# Texing?



## stlouisbluesfan1 (Dec 12, 2011)

Is there an app to text to peoples phones from the Touchpad?


----------



## Nburnes (Oct 8, 2011)

My buddy uses Textfree all the time (it IS his cell) https://market.android.com/details?id=com.pinger.textfree&hl=en


----------



## mputtr (Aug 1, 2011)

maybe something like what'sapp or just using google talk to do the "texting"


----------



## crump84 (Aug 21, 2011)

Google voice..

Sent from my Ice Cream Speedy


----------



## dtugg (Nov 1, 2011)

crump84 said:


> Google voice..
> 
> Sent from my Ice Cream Speedy


This. My Google Voice number is also my cell number so I can text from my Touchpad (or from the computer via the website) and it will look like it came from my cell phone. I think you can only do this with Sprint though.


----------



## scariola (Nov 2, 2011)

dtugg said:


> This. My Google Voice number is also my cell number so I can text from my Touchpad (or from the computer via the website) and it will look like it came from my cell phone. I think you can only do this with Sprint though.
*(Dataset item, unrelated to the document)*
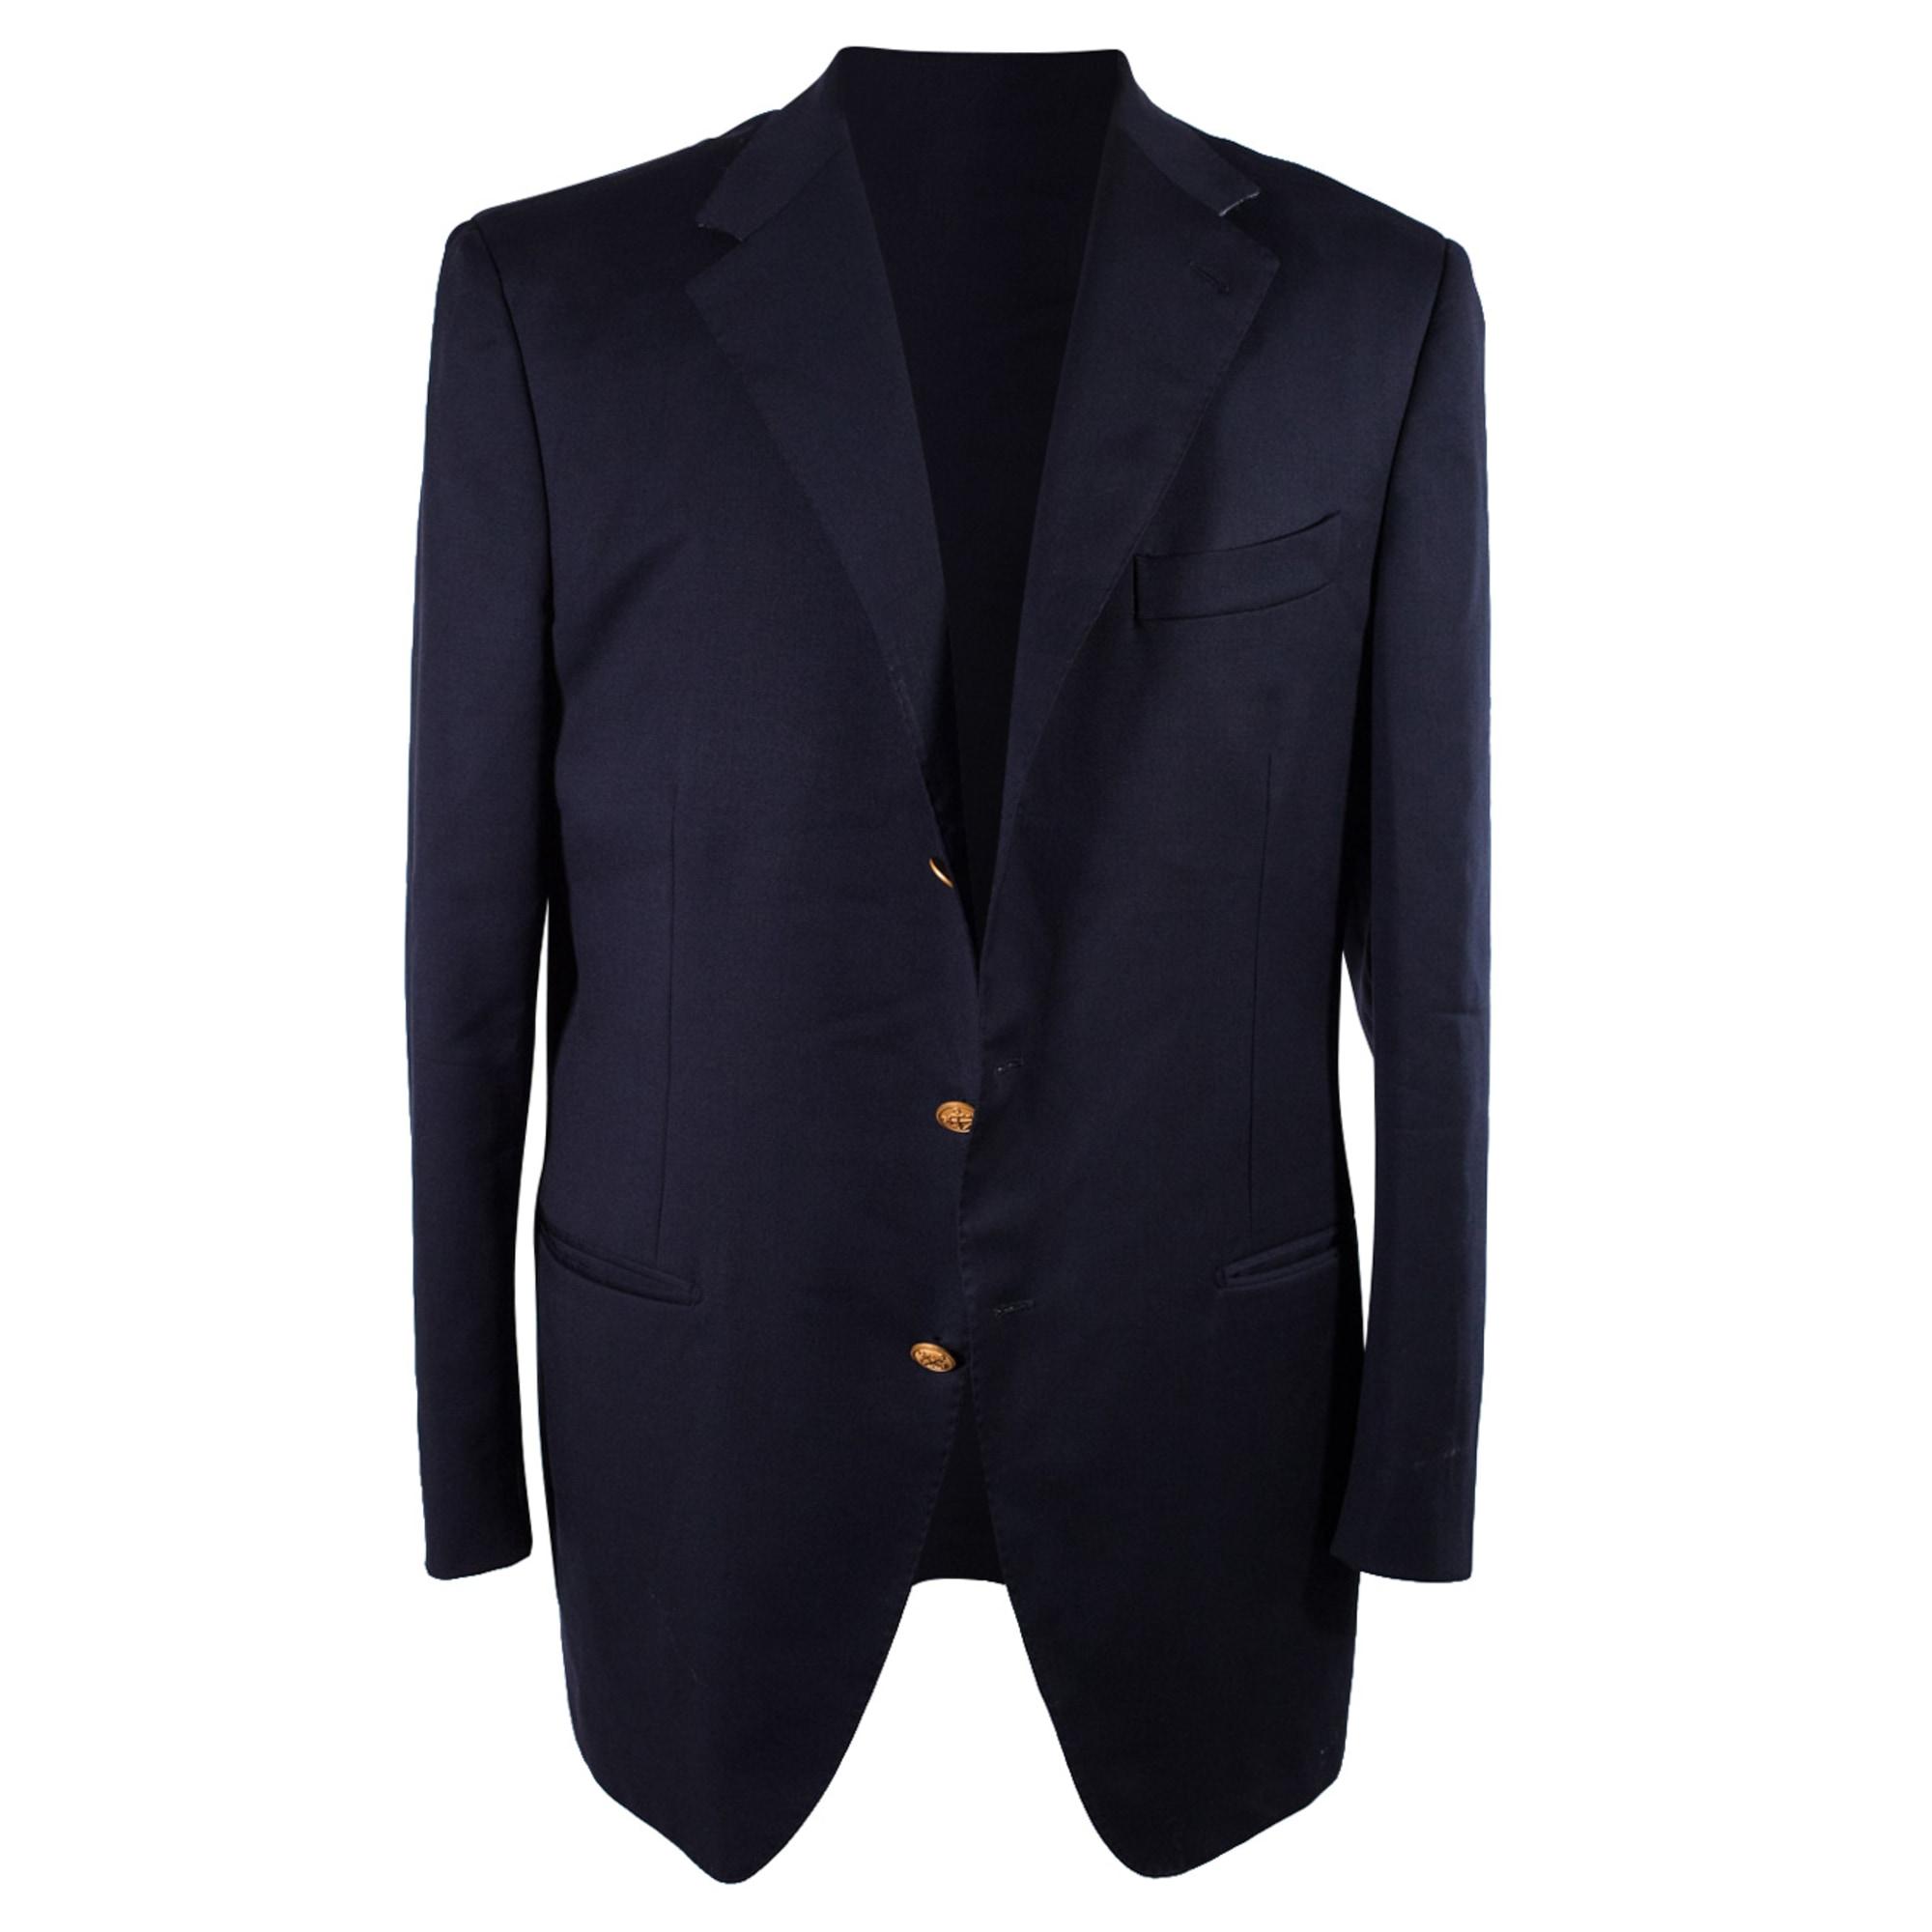 Suit Jacket FAÇONNABLE Blue, navy, turquoise
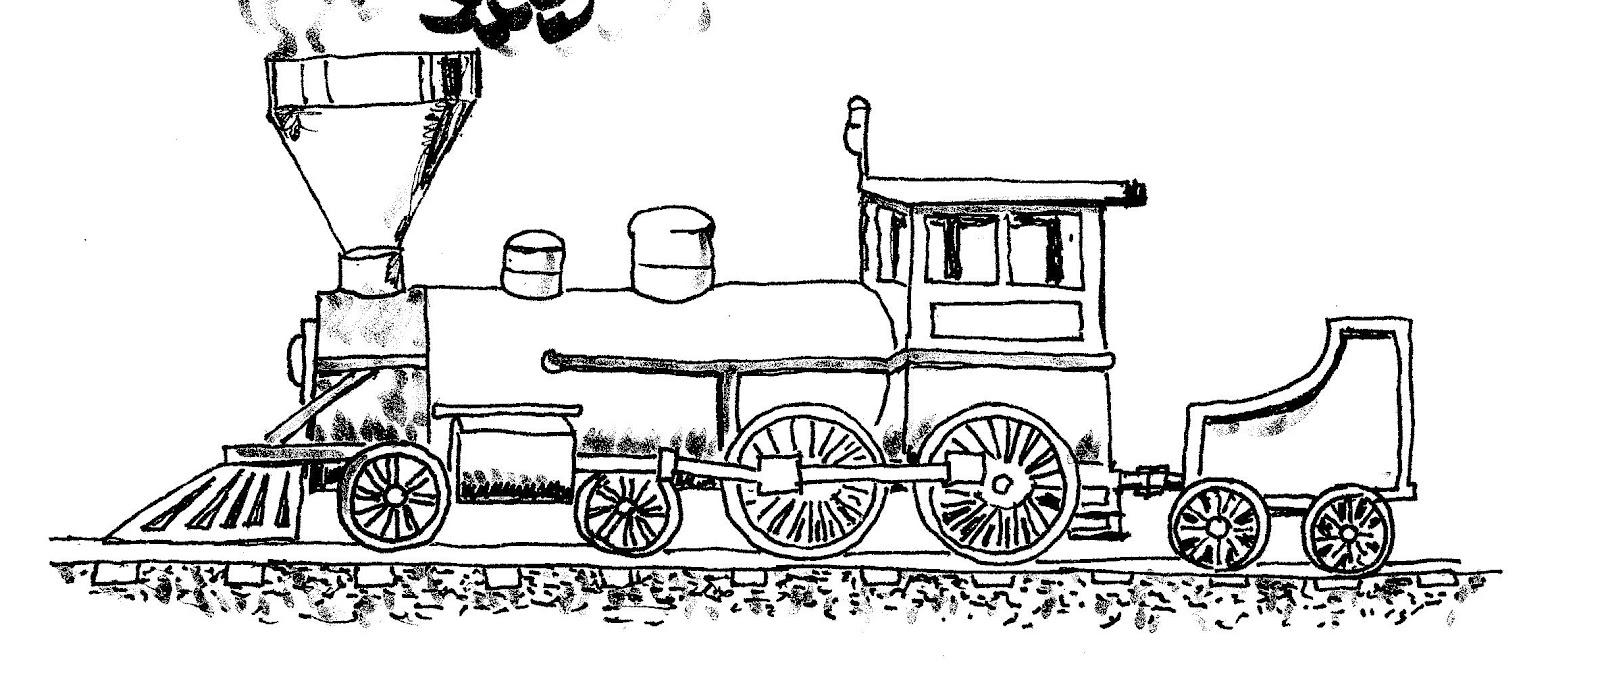 Fabtech 7 4 Link System W Coil Springs Front Dual Dirt Logic 225 Resi Shocks Rear Dirt Logic Shocks Shocks 2013 16 Ram 3500 4wd together with Jupiter Fantasy Lo otive Concept 451415927 moreover Coloring Pages Of Tractors furthermore Index besides Engine Engine Oil Cooler. on train engine cab

Nope, Google voice works for T-Mobile hd2 and Touchpad just fine.

Sent from my HTC HD2 using Tapatalk


----------



## dtugg (Nov 1, 2011)

scariola said:


> Nope, Google voice works for T-Mobile hd2 and Touchpad just fine.
> 
> Sent from my HTC HD2 using Tapatalk


I'm not saying that Google Voice doesn't work with other carriers. I am saying that I am able to use the cell number I've had for almost ten years as my Google Voice number and that only Sprint lets me do that. Is that incorrect? Can you use your existing T-Mobile number as your Google Voice number? If someone texts your cell number will you be able get that on your Touchpad or the GV website? If you text somebody via the GV website or the app on your Touchpad, will the recipients see it as having come from your T-Mobile number?


----------



## mputtr (Aug 1, 2011)

you can use any US number you want. it's not limited to sprint.


----------



## escoe (Oct 29, 2011)

with my verizon # I can only use google-voice lite which doesnt support texting


----------



## NoMadMan (Nov 6, 2011)

porting ANY existing number to gv will work. one time 20 dollar fee (per US number) until Google disappears from the internet. I've ported 2 numbers. GV is my gateway for spams and any calls i dont like.

http://support.googl...&answer=1065667


----------



## dtugg (Nov 1, 2011)

NoMadMan said:


> porting ANY existing number to gv will work. one time 20 dollar fee until Google disappears from the internet. I've ported 2 numbers. GV is my gateway for spams and any calls i dont like.
> 
> http://support.google.com/voice/bin/answer.py?hl=en&answer=1065667


Yeah but then you cancel your cell service and possibly pay an ETF and worry about getting a new cell line if you don't happen to have a spare one.

With Sprint you don't have to worry about any of that.


----------



## NoMadMan (Nov 6, 2011)

i dont know about the specifics in US carriers. I use PBXes with GV to handle all my incoming and out going texts and calls from the US and Canada. And I'm based in Asia. I think i'v gone OT from the OP's request though. my bad..


----------



## Brawlking (Aug 28, 2011)

If you have an Android phone you can use an app called TexTab, it has a free version but it is limited. it connects to your phone through Bluetooth, doesnt really read your contacts well just shows phone numbers for the texts, and doesnt do MMS, but its easier than all the setup with Google Voice.


----------